* TASK DIRECTIONS:
Your job is to return the whole listing unchanged while skipping its images.
[Opening DATA EXCERPT section]
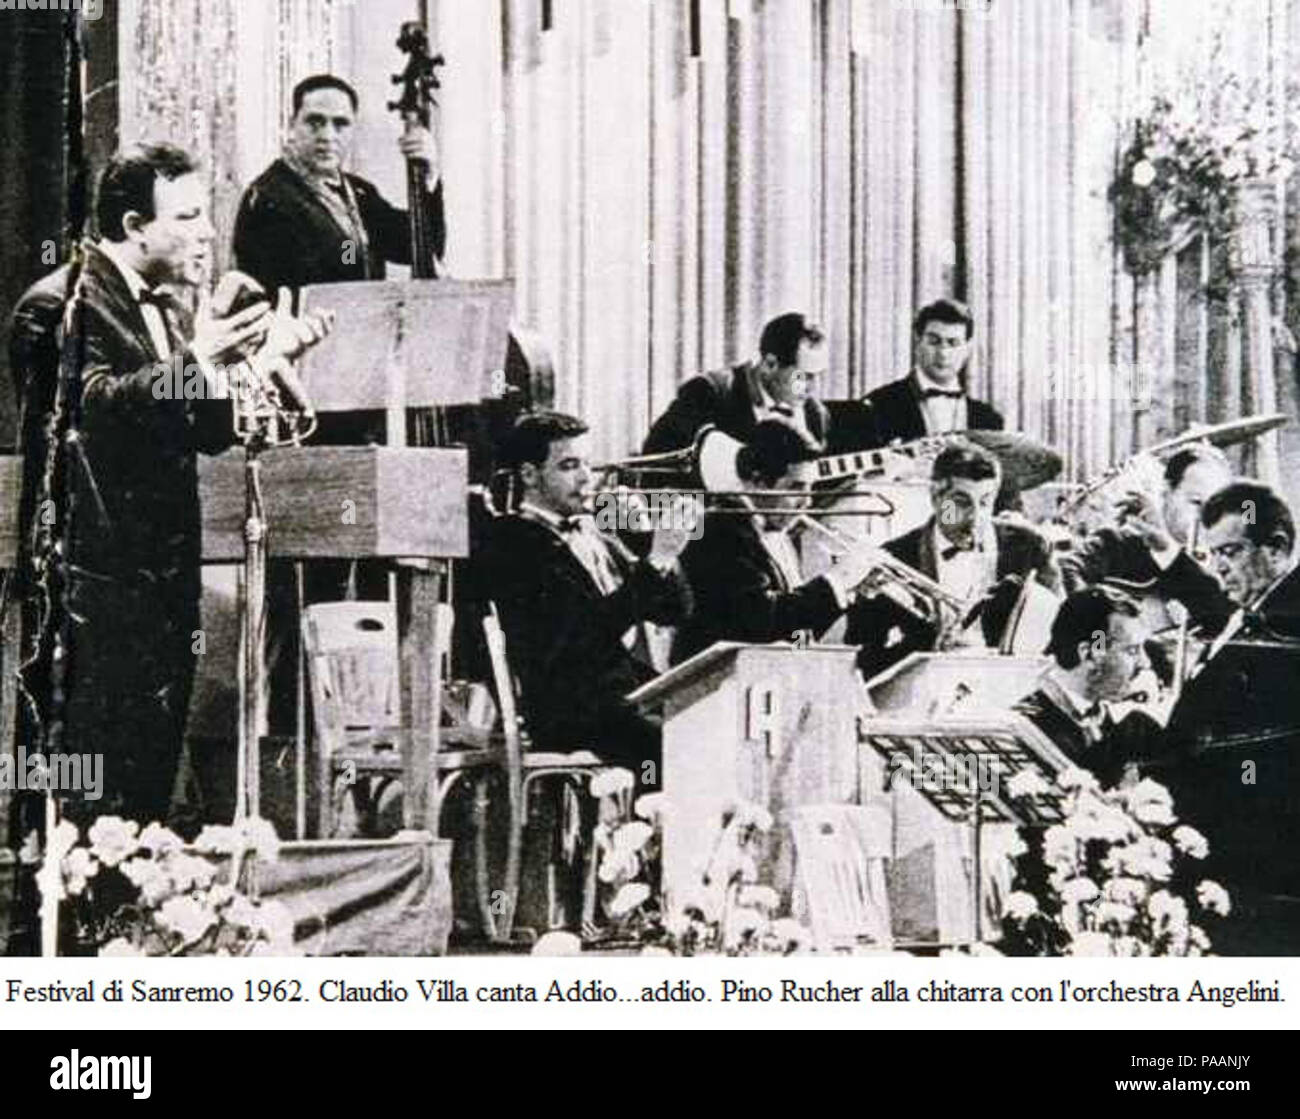 227 Sanremo 1962 - Claudio Villa canta Addio...addio Stock Photo
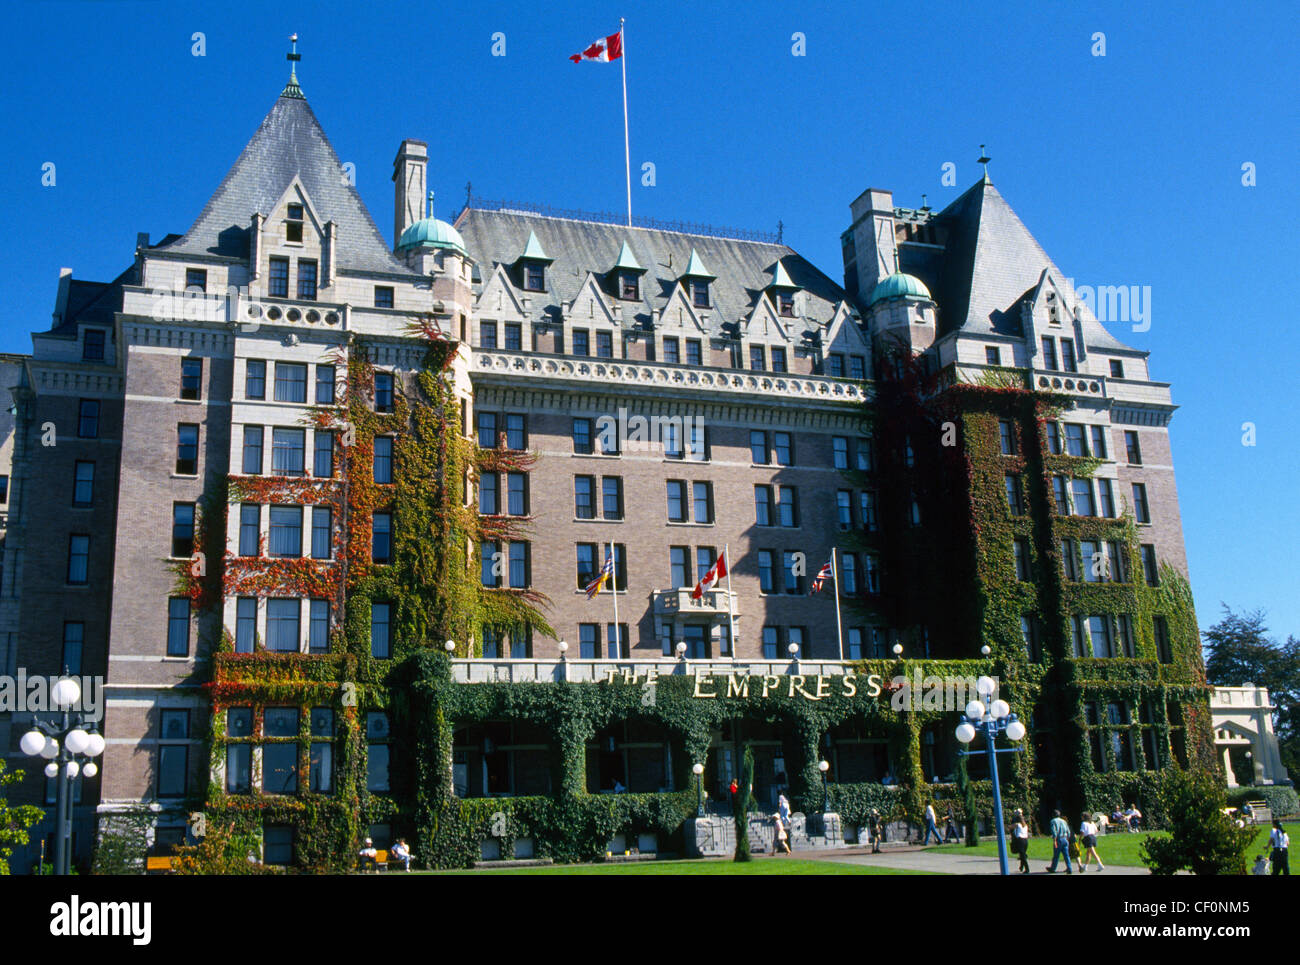 Das regal Empress Hotel ist ein Wahrzeichen Attraktion seit 1908 auf Vancouver Island in Victoria, der Hauptstadt von Britisch Kolumbien, Kanada gewesen. Stockfoto
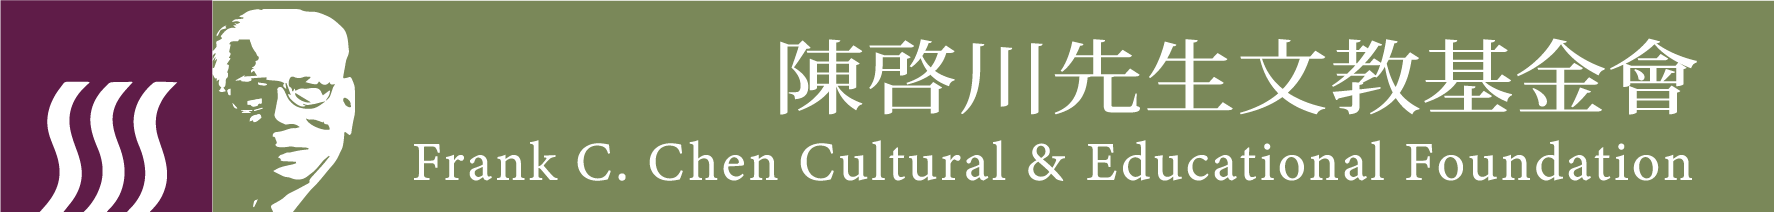 陳啟川先生文教基金會贊助logo
[Closing DATA EXCERPT section]
* TASK SOLUTION:
 227 Sanremo 1962 - Claudio Villa canta Addio...addio Stock Photo
 Das regal Empress Hotel ist ein Wahrzeichen Attraktion seit 1908 auf Vancouver Island in Victoria, der Hauptstadt von Britisch Kolumbien, Kanada gewesen. Stockfoto
 陳啟川先生文教基金會贊助logo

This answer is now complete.